Lecrae: New vision, new audience, same gospel


The line-up for Rock the Bells in Los Angeles read like a who's who in hip-hop past, present, and future: Bone Thugs-n-Harmony, Wu-Tang Clan, Common, Kid Cudi, Kendrick Lamar in Black Hippy … and Christian rapper Lecrae.

Lecrae Moore's come a long way since he first entered—or some would say created—the Christian hip-hop scene "ridin' with my top down listenin' to that Jesus music."

At the time, he was ignored by both Christian radio and the mainstream hip-hop community for his musical style and content, respectively, and built a fan base by touring and maintaining a heavy online presence. In 2004, he started Reach Records, which has gone on to sign Christian rappers like Trip Lee, Andy Mineo, Tedashii, and KB. But back then, his music wasn't sold in stores, and he wasn't invited to radio interviews or TV interviews. 

"We lived online," Moore said.

Now, the 34-year-old rapper is in high demand.

It took seven years for mainstream hip-hop to take notice, first in 2011 with a stellar performance at the BET Hip Hop Award's freestyle cypher, then his Church Clothes mixtape release, then his Grammy win for Best Gospel Album.

"They didn't expect much out of me," Moore said of BET cypher. So when they heard him rap, "they were like, 'Wow, this guy is really rapping. Aside from his belief, he really does appreciate the craft of hip-hop.' They took notice, even if they didn't agree with the messaging."

The themes of hope and redemption in his music haven't changed. At Rock the Bells' cypher, Moore quipped, "I got a Grammy in my closet but I trade it for the Hope / of the people because these days evil / if you ain't met Jesus you don't want to see the sequel." The difference now is that his message is sandwiched between songs objectifying women and glorifying the thug life, and reaching a new audience: Young people in the hip-hop culture who wouldn't be caught dead listening to Christian radio.

Moore said the vision for his music has changed since he first started. Back then, as he traveled from city to city performing at sports camps and churches, his main goal was to create quality hip-hop for Christians. He found a whole group of people like him who grew up in the hip-hop culture, came to Christ, and now "wanted to hear music that expressed [their] new-found faith in a familiar art form." If non-Christians listened to his music, he only wanted them to hear the gospel, not a Christian worldview or good music. 

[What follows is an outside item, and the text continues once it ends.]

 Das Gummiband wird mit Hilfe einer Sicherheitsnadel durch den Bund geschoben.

But now, Moore has developed a more comprehensive vision. Rather than just providing non-believers with the gospel, he wants to be a friend, hear their stories, and share his own. Often he's found that people have preconceived notions about faith and Jesus, and he takes the time to correct those wrong ideas and explain what Christianity actually entails. 

"The vision is just being honest and transparent on a variety of issues," Moore said. "Sometime I talk to the church; sometimes I don't. It's more of an expansion than a transition."

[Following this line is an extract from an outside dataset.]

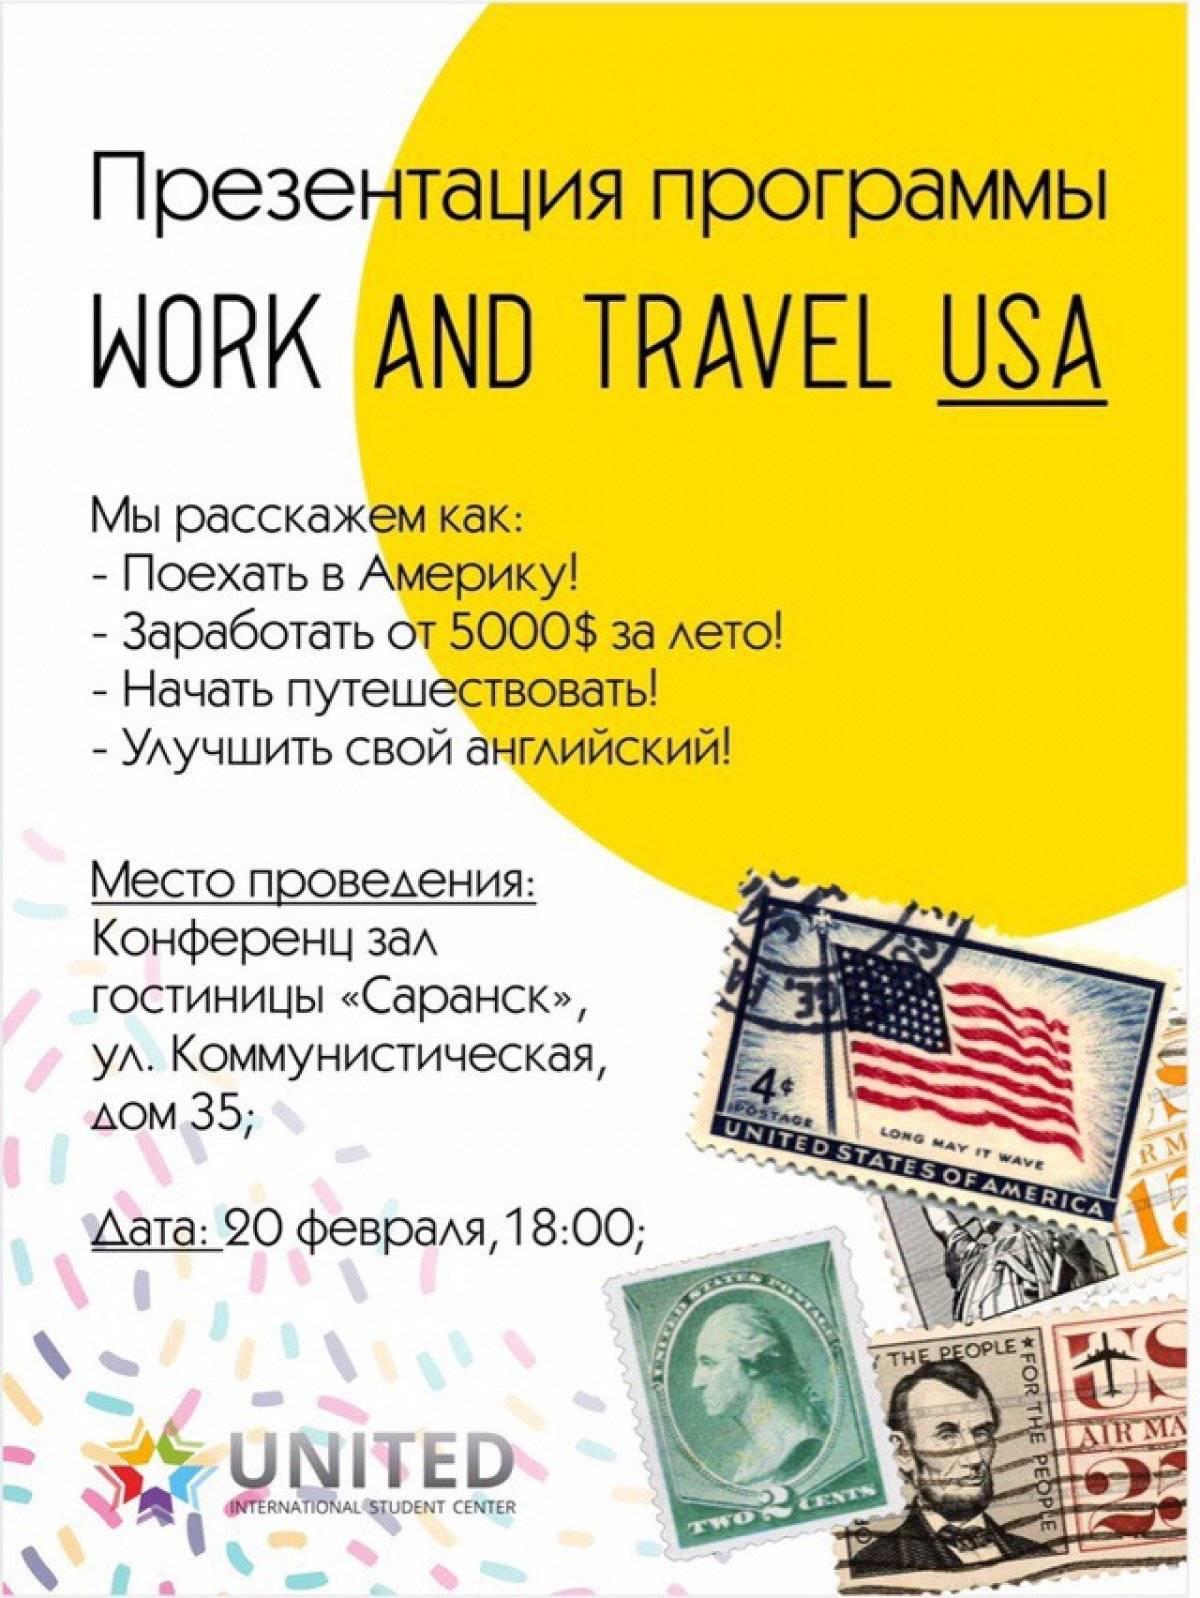 Программа work and travel usa в россии: как студенту набраться опыта в другой стране

For some of his fans, this new direction is hard to take. Some take Moore to task for his association and collaboration with rappers who are known for their vulgar and offensive songs. But in doing songs with rappers with a different worldview, Moore finds areas they have in common—thoughts in the face of death, their life experiences growing up, or beating the odds. He doesn't want guest rappers to pretend they are Christians, and he's found that most of them respect him and what he's doing: "There's not many artists tapping into the wholeness of who we are outside the club party atmosphere, that's where I find my place."

While Moore is facing unprecedented attention from mainstream hip-hop, he said being in the industry so long has prepared him for the temptations fame and fortune bring. While artists who peak in their late teens or early 20s will find their identity in their celebrity status or their work, "when things started shifting, I was already secure in who I was," Moore said. He keeps grounded by remembering "who He made me to be and where I stand in the thing: He's the star, I'm the extra … in the grand scheme of eternity your head only pops up for a second."